When you've got a name like Swanwick, you have to be on guard constantly or your house will fill up with Duncan Miller swans-shaped candy dishes. 



And I'm on the road again . . .

This time I'm going to Pittsburgh for the weekend for Confluence, where the late Phil Klass, who wrote under the pseudonym of William Tenn, is being memorialized.  If you happen to be at the convention, be sure to say hello.



And I continue to scribble, scribble, scribble . . .

Today's story was commissioned by Kenneth Evans for his son Griffin Durwood Evans.  Griffin apparently really really really likes fast, powerful machines.

As do, of course, all sensible people.  Which I why I wrote for him . . .


Fastest Man on Earth 

by
Michael Swanwick

The land speed record for a wheeled vehicle is currently held by Andy Green who on October 15 1997 achieved 763 mph, a speed slightly faster than Mach 1 in his twin-turbofan ThrustSSC, making it the world’s first supersonic car.  It is an astonishing record.

Griffin Durwood Evans plans to break it today.  In a wheel-driven vehicle.

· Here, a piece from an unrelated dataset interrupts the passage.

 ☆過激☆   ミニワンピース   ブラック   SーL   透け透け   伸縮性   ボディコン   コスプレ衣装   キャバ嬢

Evans slowly motorcycles the track leading across the Black Rock Desert, looking for loose stones or imperfections in the level surface.  There are none, so he walks several times around the Daft Punk, admiring its sleek lines, the innovative flexible titanium wheels (anything less would shred at the speeds he’s contemplating), the beauty of an engine which burns a mixture of hydroxy-terminated polybutadiene and nitrous oxide, also known as tire rubber and laughing gas.  It’s a fitting fuel for a project that has the skeptics snickering.

As he climbs into the cockpit a reporter for Top Gear comes scuttling up.  “What’s with the stubby little wings?” he asks.  “They look like spoilers, but they’re curved like aircraft wings – how on earth are you going to keep them from lofting the car into the air?”

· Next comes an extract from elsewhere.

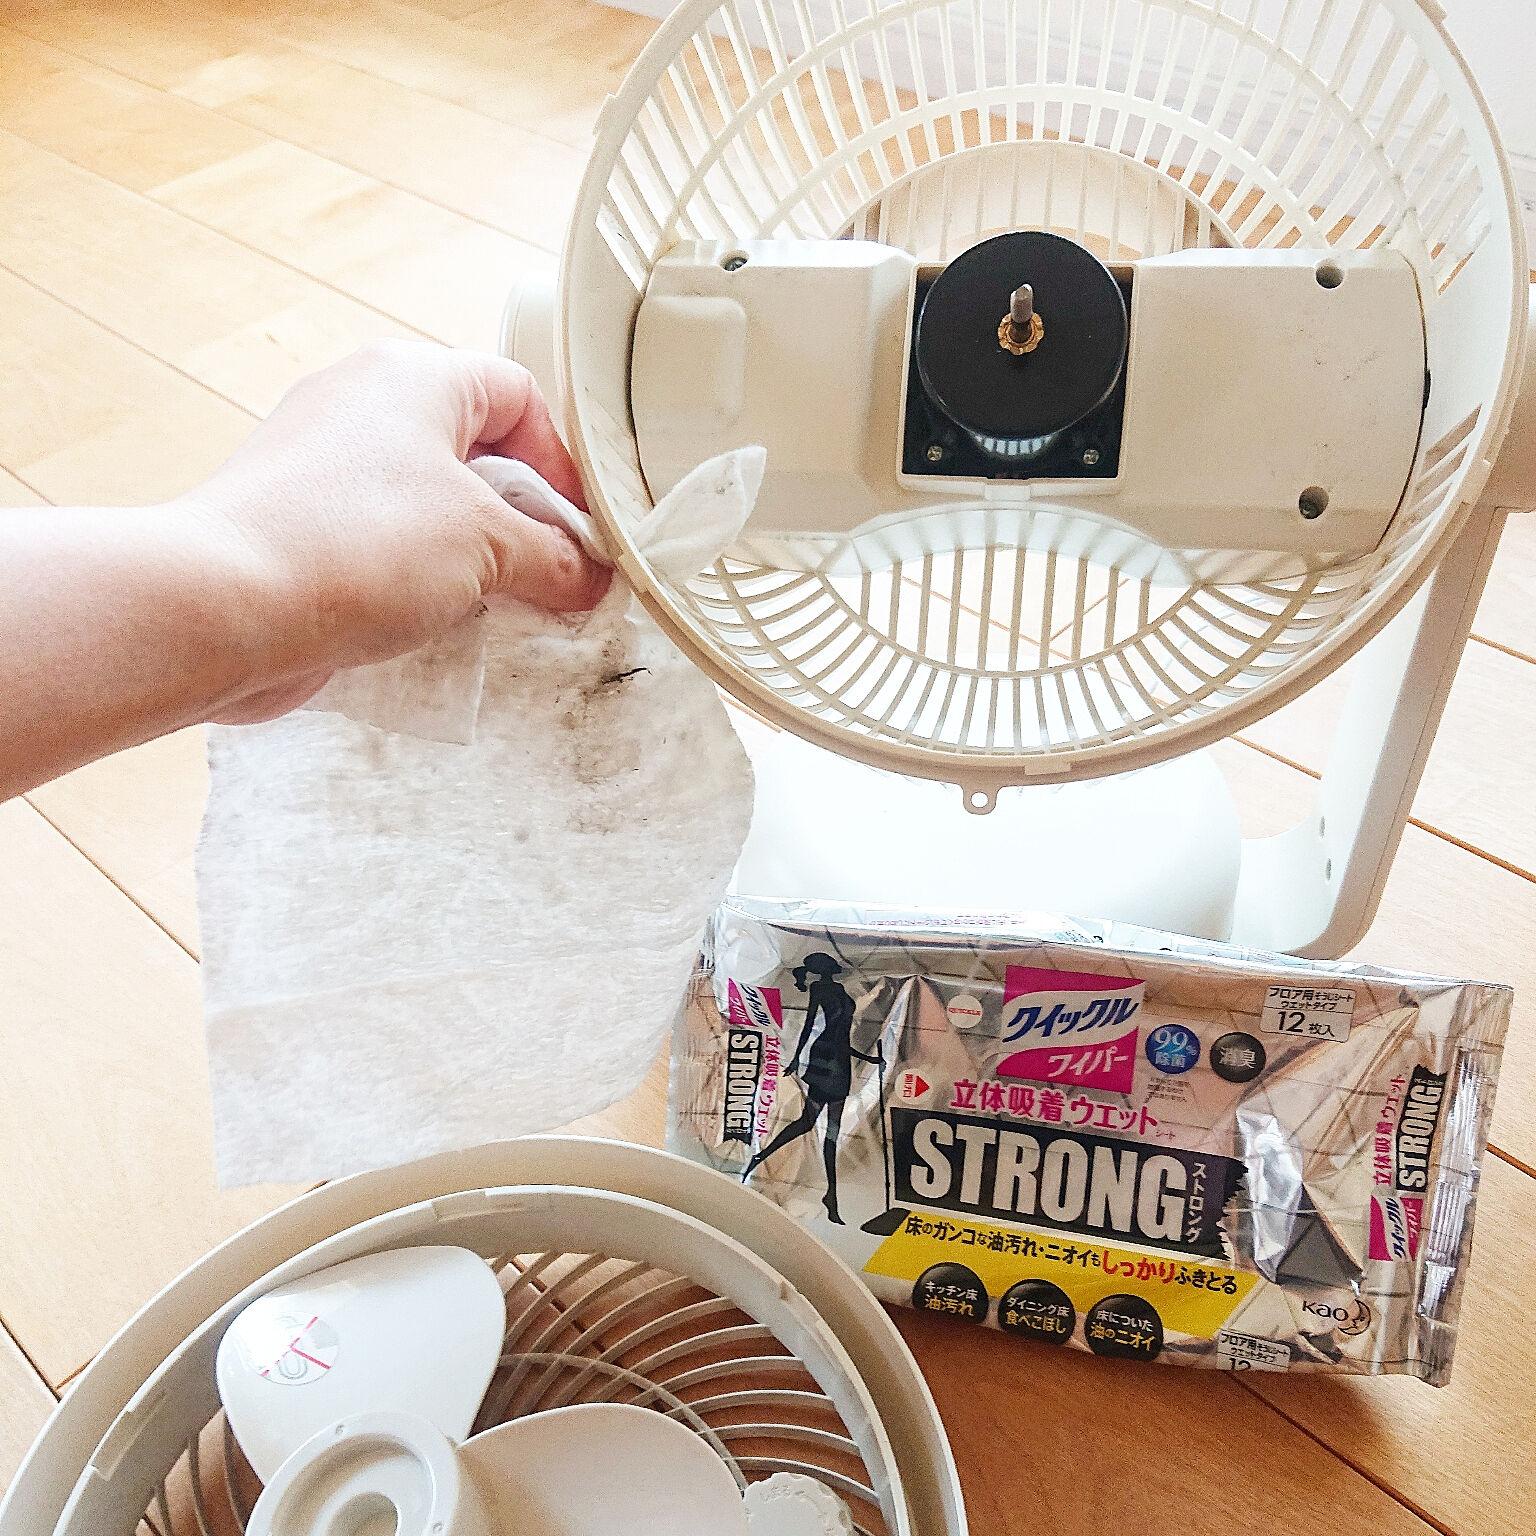 夏が過ぎたあとのおうちしごと♪夏家電のお手入れ&片付けの方法

“Watch and learn,” Evans says.  “Keep clear of the explosives.”

“Explosives?” an alarmed voice says as he slams the hatch.  But even as he’s buckling himself in and powering up the engine, Evans’ thoughts are focused on the goal line far across the ancient lake bed.  At the speeds he’s contemplating, ten miles will be traversed in less than thirty seconds.  The world-encompassing rumble of his engine wraps itself around him, growing warmer and louder with each passing second.  He guns the engine and then, as everything reaches optimum, floors the accelerator.

As the car leaps forward, timed explosives go off to either side of the track, blasting away the air and creating a ten-mile-long tunnel of vacuum through which the Daft Punk soars.  Without the air there is nothing to lift the car off the surface of the earth.  Nor does he have to contend with the turbulence of breaking the sound barrier.

He just goes.

In less time than it takes to realize it’s happened, the Daft Punk crosses the finish line.  Computers relay the telemetry to his car’s dashboard:   1,557.034 miles per hour, well over Mach 2 and twice the speed of the old record!

Evans reaches the end of the lake just as the air blasted away by the explosives comes slamming back, flipping the car high off the surface.  It’s here that the stubby little wings come into play, leveling out the flight, putting it into his control,  holding the nose steady at forty-five degrees and rising fast.

Which is when Evans hits the afterburner and heads for orbit.

*

Above:  As long as Marianne and I were at Cape May Point, we did a little birding.

1 comment:

Unknown said...

That was so COOL!
Just didn't expect the vacuum, etc. at all. Nicely done!